Iran and Turkey are facing consequences from a high-profile sanctions-busting case, as a Turkish-Iranian gold trader cooperates with US prosecutors.

Reza Zarrab, who is being held by the authorities at an undisclosed location, pled guilty on October 26 in a New York City court to all seven counts of an indictment, including conspiracy to violate US sanctions against Iran. He began his testimony on Wednesday in the trial of a Turkish banker, Mehmet Hakan Atilla, charged with participation in a billion-dollar scheme to smuggle gold for oil.

Seven other defendants are being tried in absentia, including Turkey’s former Economy Minister Zafer Çağlayan and Suleyman Aslan, a former general manager of the Turkish state-owned Halkbank.

Zarrab said yesterday that he bribed one of the defendants, , 45 million Euros ($53.3 million) to set up a banking mechanism at Halkbank for the gold-oil transfer.

For weeks, the Turkish government of President Recep Tayyip Erdoğan, through statements and media outlets, has condemned the US treatment of Zarrab. Erdoğan raised the call in a telephone call with Donald Trump in September, and he portrayed the prosecution as a continuation of a 2016 coup attempt: “When that plot failed, they set up the same plot in the US.”
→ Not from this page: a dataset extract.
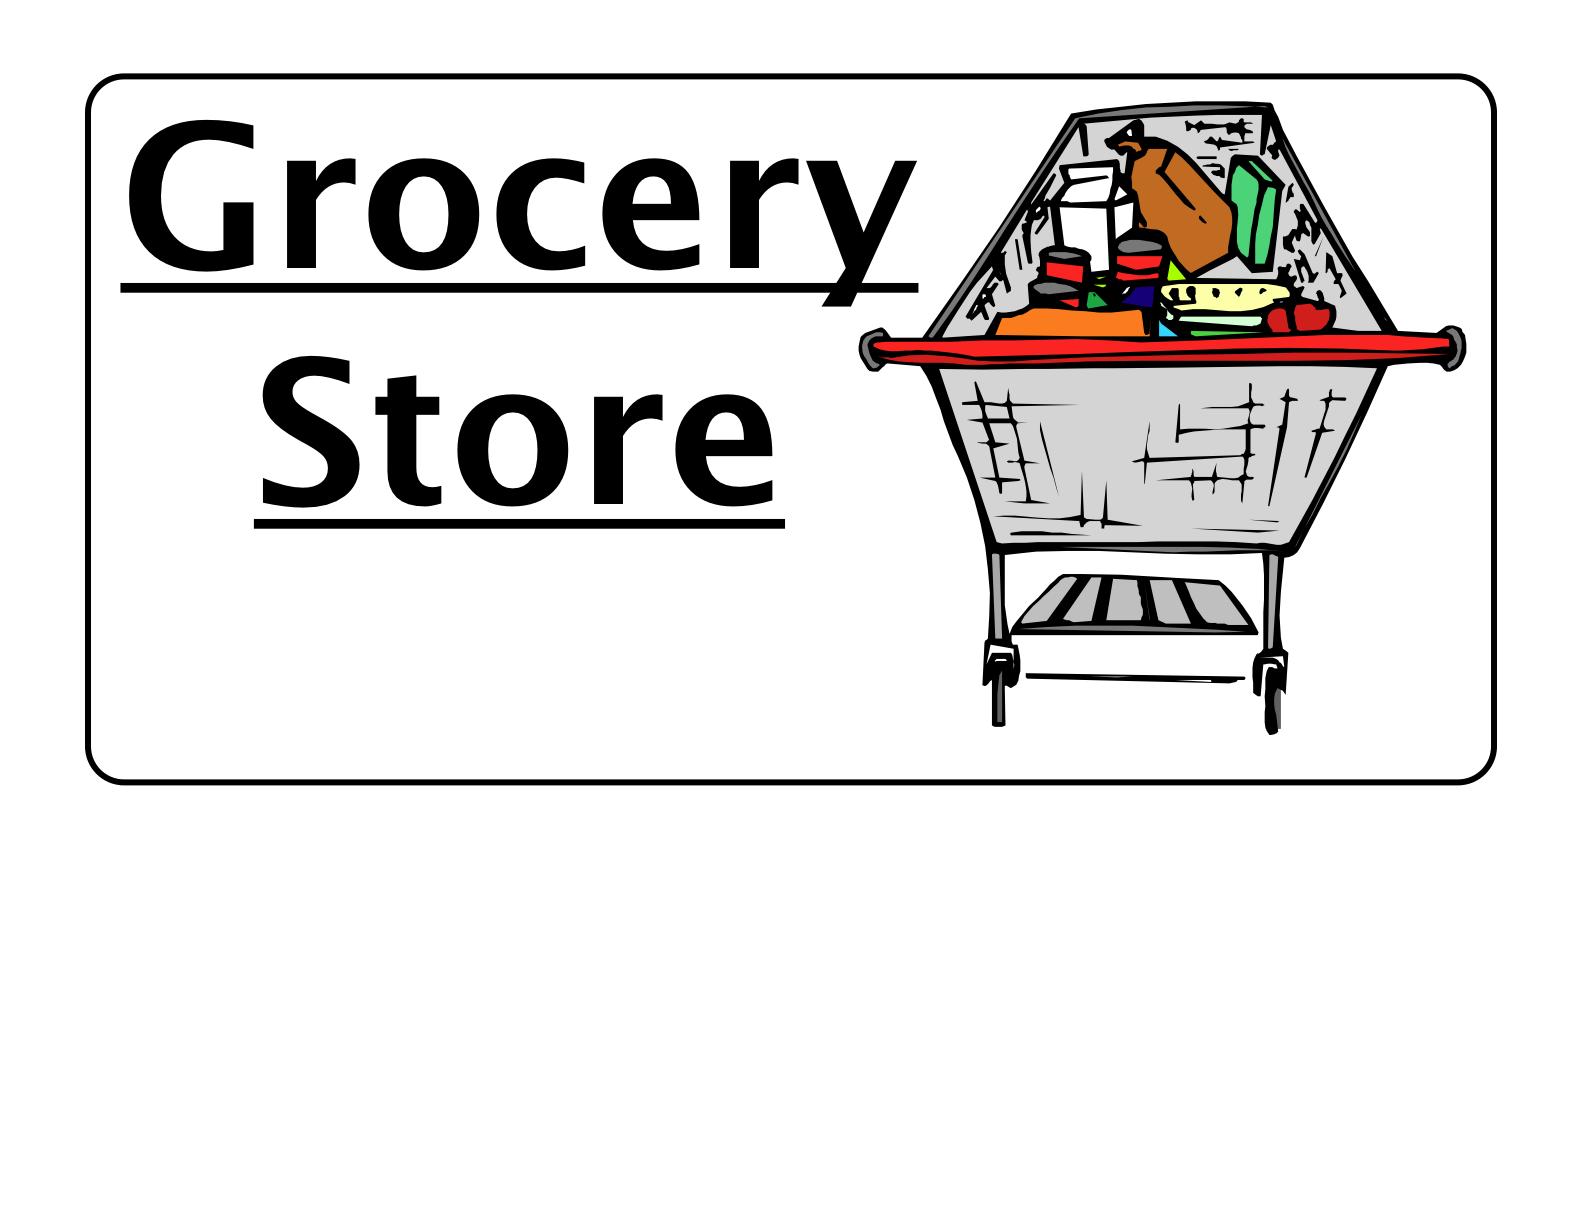 Preschool Is Fun Planning Activities Our Own Grocery
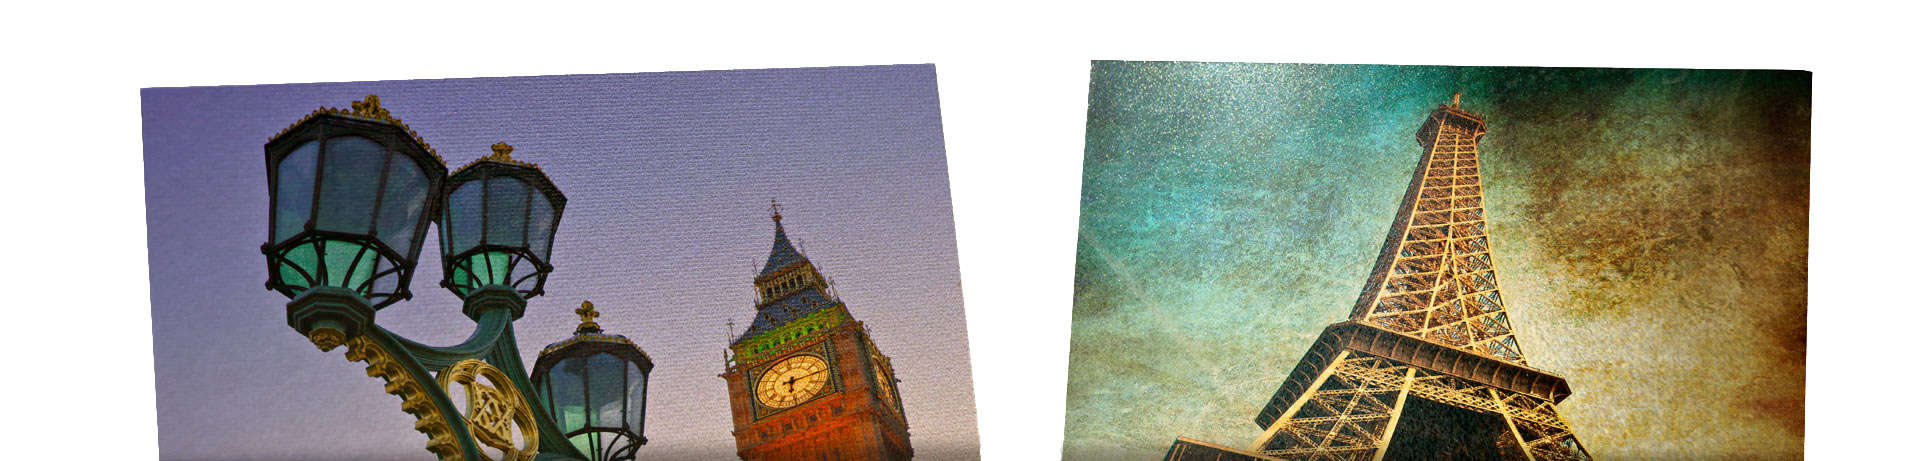 metallic photo prints and canvas photo prints closeup finish details

Prosecutor David Denton said in his opening statement on Tuesday that Turkish police had uncovered the bribery scheme in 2013, arresting Zarrab, Aslan, and others, but bribes “bought a cover-up” and Turkish officials purged police and prosecutors who had run the case, sending many of them to prison:

The same corrupt high-ranking Turkish officials instructed Zarrab to put up even more bribe money for the judges, millions and millions in bribes, so that everything could be made to go away.

Zarrab paid the money, co-conspirators got out of jail, and the case the Turkish police had developed was dismissed.

The FBI’s counterintelligence division ran its own investigation, leading to the US arrests of Zarrab and the seven other defendants.

On Tuesday, Turkish authorities responded by issuing an arrest warrant for a former opposition legislator, Aykan Erdemir, who is now with the Washington-based Foundation for Defense of Democracies. He was accused of supplying fake evidence to US agencies.